For this collection, originally released recently as three EPs, Stuart Murdoch and co recorded in Glasgow, visiting different studios and producing themselves. It’s the first time they’ve worked so substantially in their hometown since their lo-fi early days – 2002’s Storytelling, to be exact.
And yet, the 15 songs on How To Solve Our Human Problems are a world away from the likes of The Stars Of Track And Field, instead being some of the funkiest, shiniest and most diverse cuts they’ve made in their 22-year history.

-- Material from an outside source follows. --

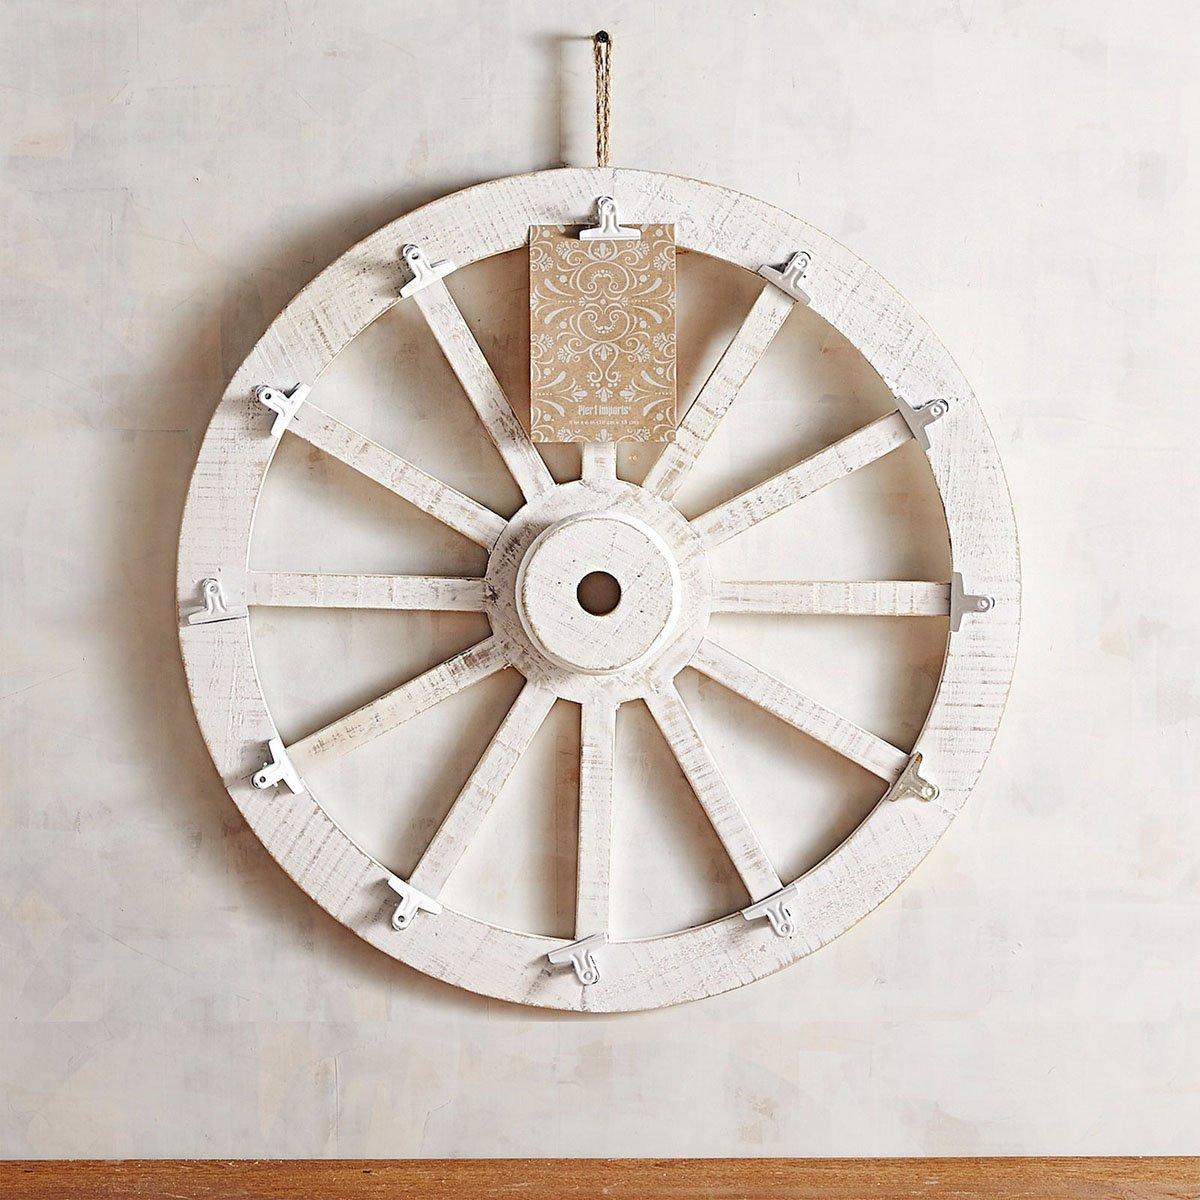 Portarretrato Wagon Wheel Pier 1 Imports   SEARS.COM.MX - Me entiende!

There are the electronics-heavy tracks: Sweet Dew Lee, which opens the first EP and, naturally, this compilation album, it’s a slice of electro-disco sung by Stevie Jackson, and suggests LCD Soundsystem covering Abba, while The Girl Doesn’t Get It is A-Ha-esque new wave pop. Elsewhere, Poor Boy, which opens Part 3, is a sleek duet between Stuart Murdoch and Sarah Martin, produced by Inflo that recalls Chic and Blondie’s The Rapture in its steady, urban funk.
There’s a quieter, more classic side to …Human Problems, though: There Is An Everlasting Song, an acoustic country ballad that reflects Murdoch’s spiritual beliefs, now heavily influenced by Buddhism, is a highlight of the third EP, while Martin’s gorgeous Fickle Season is a supple ballad that wouldn’t be out of place sung by Françoise Hardy.

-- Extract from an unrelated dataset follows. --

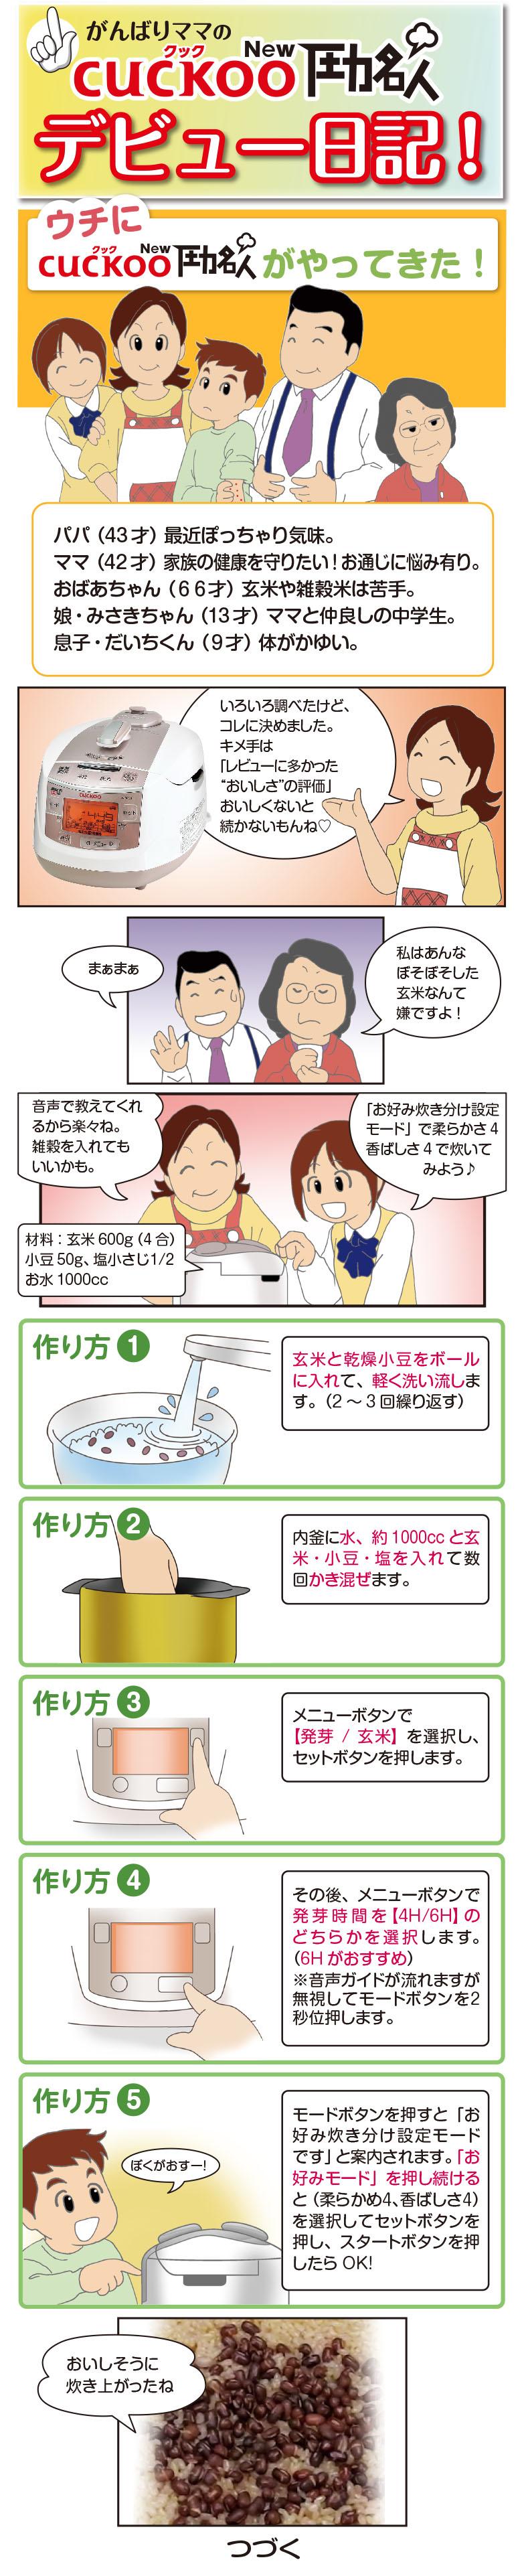 がんばりままのCUCKOO圧力名人デビュー日記!

The two sides combine on Everything Is Now, a two-part suite that moves from the kind of electro-gospel that Brian Eno loves, to a transcendent jam and stunning guitar solo, before Part Two brings out the strings for a trippier, lusher take on this Zen hymn.
…Human Problems is very much three EPs, being far too disparate to function as an album, but it works in the same way that their first compilation of EPs, 2005’s Push Barman To Open Old Wounds, does – through the sheer depth and strength of its material.